Especialistas em bioética abordados pela BBC afirmaram que a GenePeeks é um resultado lógico da crescente procura por mais informações na tomada de decisões reprodutivas.

As dúvidas e objeções

No entanto, alguns levantaram preocupações sobre potenciais comunicação de risco e a expansão da triagem além das doenças raras associadas a um único gene.

 

Especialistas em bioética contatados pela BBC afirmaram que a GenePeeks é um resultado lógico da crescente procura por mais informações na tomada de decisões reprodutivas.

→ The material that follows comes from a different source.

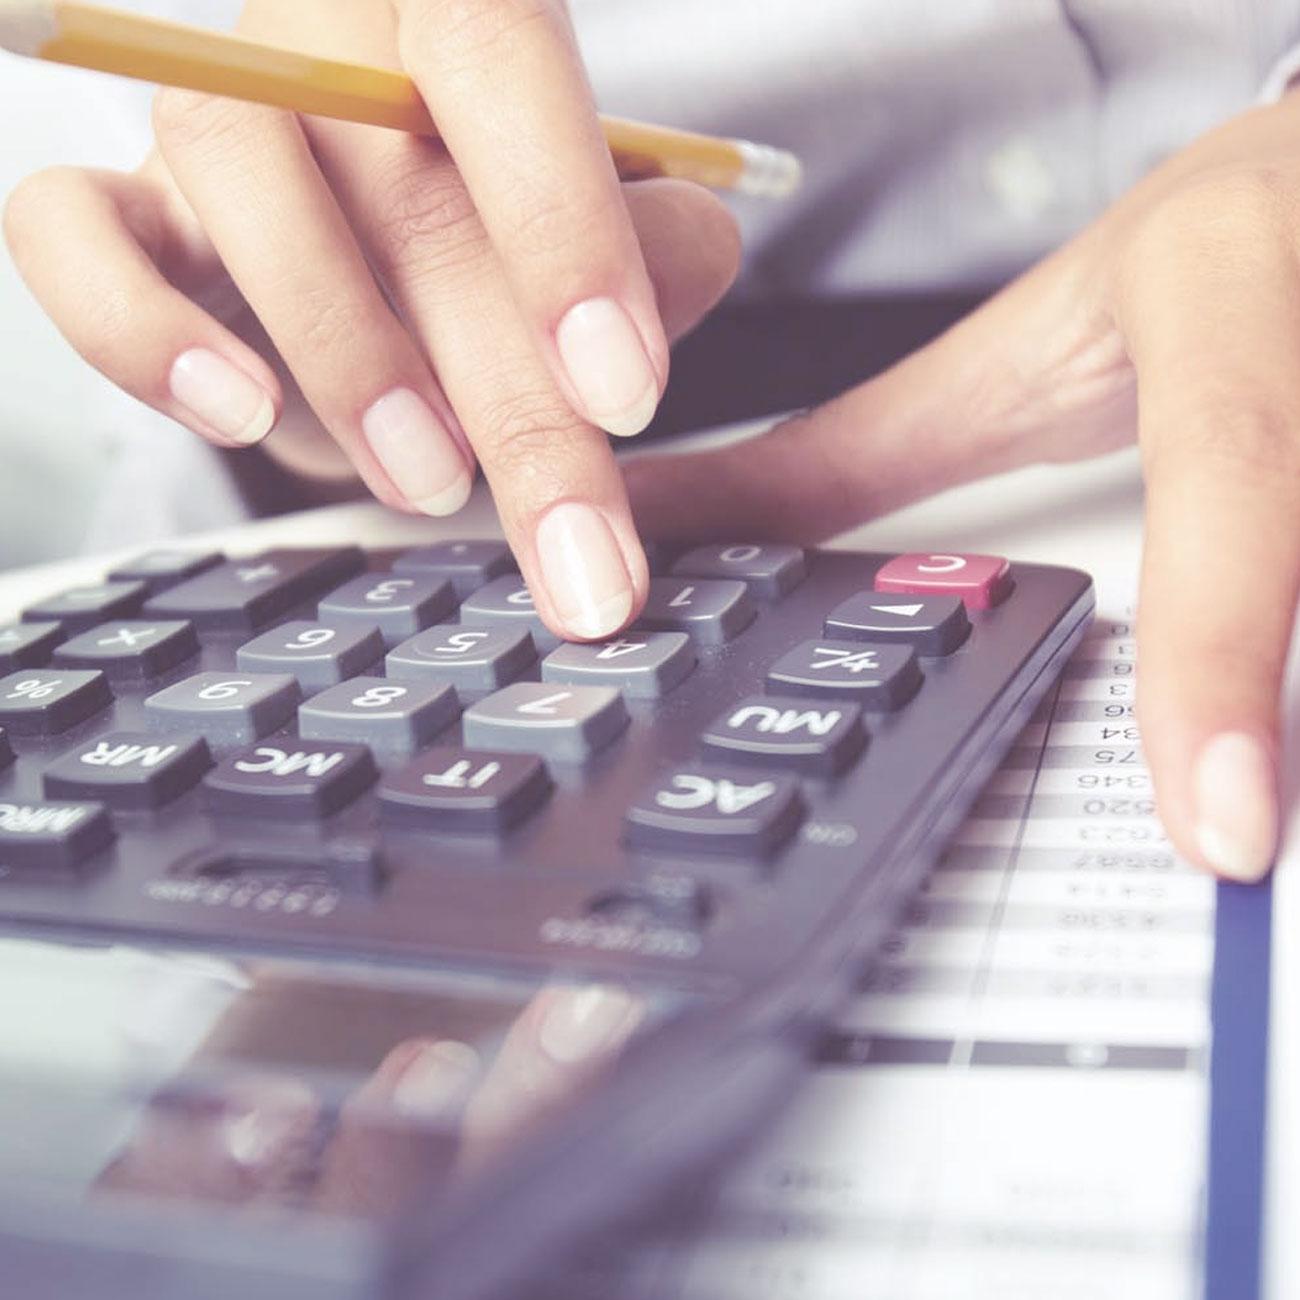 Financiación para tratamientos de medicina y estética

No entanto, alguns levantaram preocupações sobre potenciais comunicação de risco e a expansão da triagem além das doenças raras associadas a um único gene.

 

Um especialista em ética, disse à BBC News: «A grande questão para mim, desde o início, é a compreensão da incerteza. Mesmo as pessoas que têm vindo a fazer genómica durante anos ainda têm dificuldade para descobrir exatamente o que o risco para uma determinada predisposição genética realmente significa para uma família, até porque interações gene-ambiente podem levar pessoas a manifestarem ou não a doença.»

 

Ewan Birney, diretor-adjunto do Instituto Europeu de Bioinformática repetiu a preocupação: «É salutar que a GenePeeks esteja a concentrar-se no estatuto de portador de tais doenças mendelianas raras em que a evidência á mais clara. Dito isto, estas coisas são mais complexas do que aparentam ser à primeira vista», disse. «Tenho a certeza de que os cientistas compreendem esta complexidade. Mas, ao transmitir esta complexidade às pessoas comuns, estas coisas podem parecer mais absolutas e certas do que realmente são.»

 

O especialista acrescentou: «O que eu gostaria de destacar aqui é o quão complexo é este processo. É excelente que as pessoas estejam a pensar em usar esta tecnologia em várias maneiras diferentes, mas a nossa lacuna de conhecimento é muito grande.»

 

A comunicação do risco aos clientes é, declarou Anne Morriss, «absolutamente crítica para qualquer pessoa nesta indústria.»

 

«Temos de ser bem claros sobre o que estamos a testar, quais os riscos que estamos a ajudar a reduzir; que não há nenhuma garantia de que não vai ser dada à luz uma criança doente», disse a responsável pela GenePeeks.

 

Mildred Cho, diretora associada do Centro para Ética Biomédica de Stanford, na Califórnia (EUA), levantou questões sobre se o dador de esperma também deve receber informações sobre o seu genoma adquirida a partir do processo de triagem.

 

«Ao contrário da cor do cabelo, da profissão ou da história familiar – estas são as coisas que, provavelmente, o dador já sabe – a única coisa que aqui parece ser diferente é que poderá criar informação de que o dador não dispõe. E isto também tem implicações para outros membros biológicos da família do dador», declarou Mildred Cho à BBC News.